360 degree video is all the rage right now so I cannot be left behind! One of the things I like about the Garmin VIRB 360 is the in-camera stitching and very high resolution. It is also incredibly small. Judging by my photo though keeping the dust off will be a challenge :-).

Typically I forgot to order a micro-HDMI cable so I can’t test live capture to a PC but I can create videos on the SD card. Great fun!

Cable will turn up tomorrow with any luck. I am eager to see how usable the HDMI is for live 360 videos.

Telepresent Enhanced Reality (TER)

Following on from an earlier post on Enhanced Reality, it occurred to me that separating the stereo cameras (and microphones) from the ER headset creates a new way of achieving telepresent remote participation – Telepresent Enhanced Reality or TER. I was actually trying out a simpler version a while back when I had a camera on a pan/tilt platform slaved to an Oculus DK2 VR headset. A real TER setup would require stereo cameras and multiple microphones on a pan/tilt/roll mount. The user would have a VR headset and the pose of the pan/tilt/roll mount would mirror movements of the user’s head.
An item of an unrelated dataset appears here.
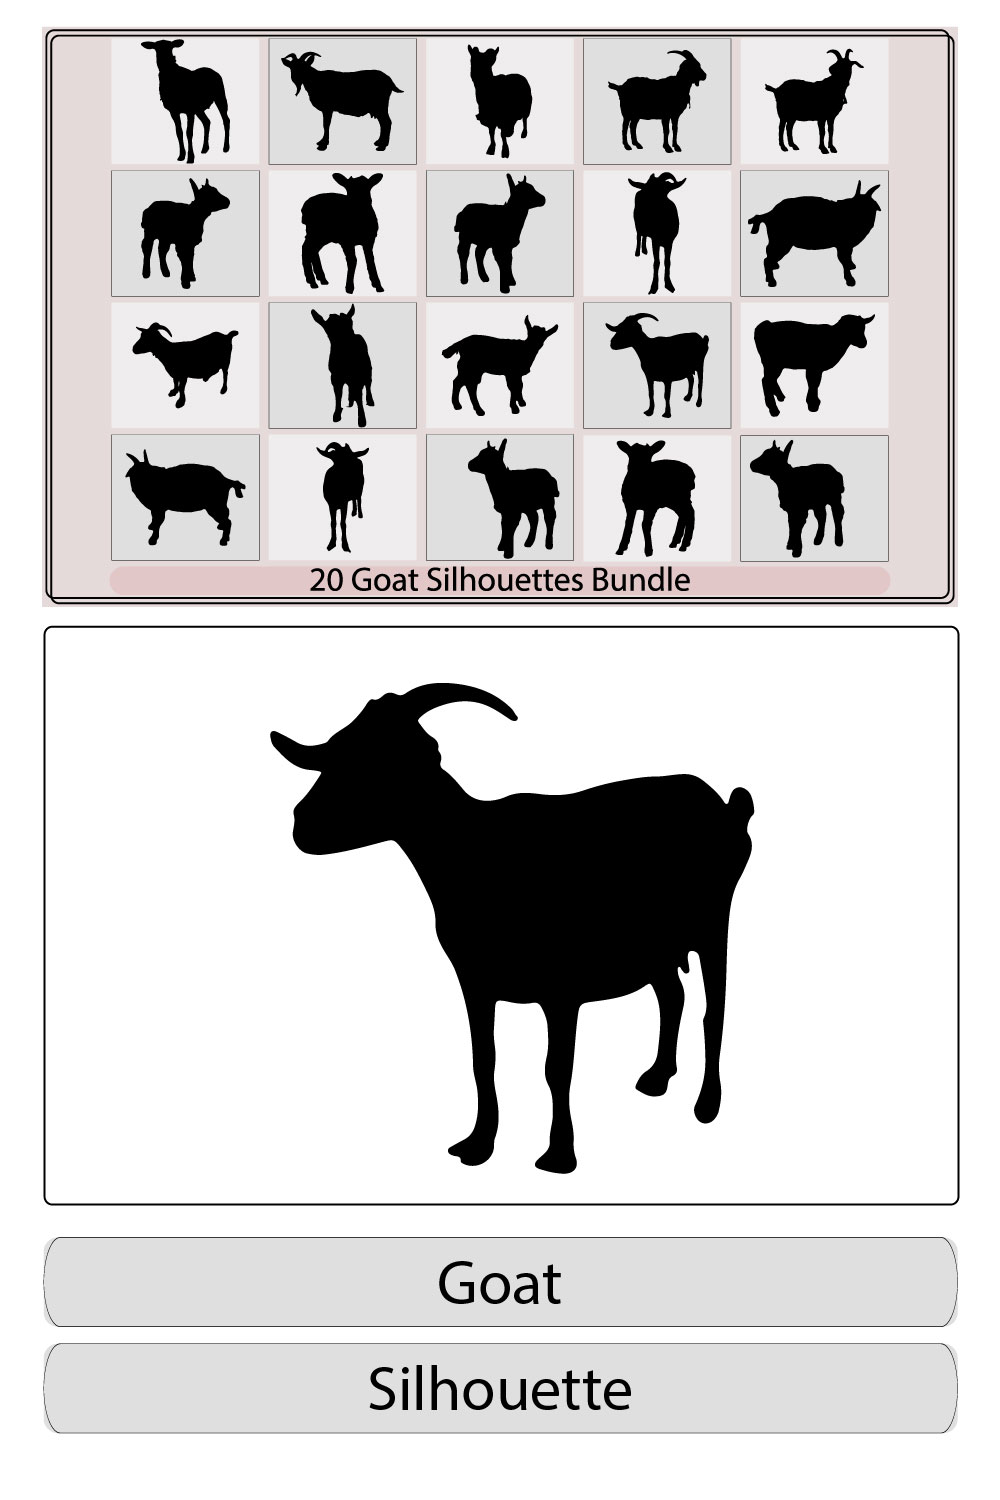 Goat Silhouette,goat animal farm icon,Goats isolated on white, hand drawn vector illustration,Goat vector silhouette Farm animal silhouette pinterest preview image.

An interesting use would be for conferences where some of the participants are in a conventional conference room but wearing AR/MR/ER headsets (eg HoloLens). Positions in the room for the remote participants would each have a stereo camera/microphone remote. The local participants would obviously be able to see each other but instead of the camera/microphone hardware, they would see avatars representing the remote users. These avatars could be as sophisticated or as simple as desired. Remote participants would see (via the stereo cameras) the conference room and local participants and would also see the remote participant avatars which replace the physical camera/microphone hardware at those locations. Alternatively, these could be suitably equipped telepresence robots (or even cameras mounted on small drones) which would also allow movement around the room. Really anything that has the essential hardware (stereo cameras, microphones, pan/tilt/roll capability) could be used.

Given that everyone has AR/MR capability in this setup, something like a conventional projected presentation could still be done except that the whole thing would be virtual – a virtual screen would be placed on a suitable wall and everyone could look at it. Interaction could be with simulated laser pointers and the like. Equally, every position could have its own simulated monitor that displays the presentation. Virtual objects visible to everyone could be placed on the table (or somewhere in the room) for discussion, annotation or modification.

Obviously everyone could be remote and use a VR headset and everything could then be virtual with no need for hardware. However, the scheme described preserves some of the advantages of real meetings while at the same time allowing remote participants to feel like they are really there too.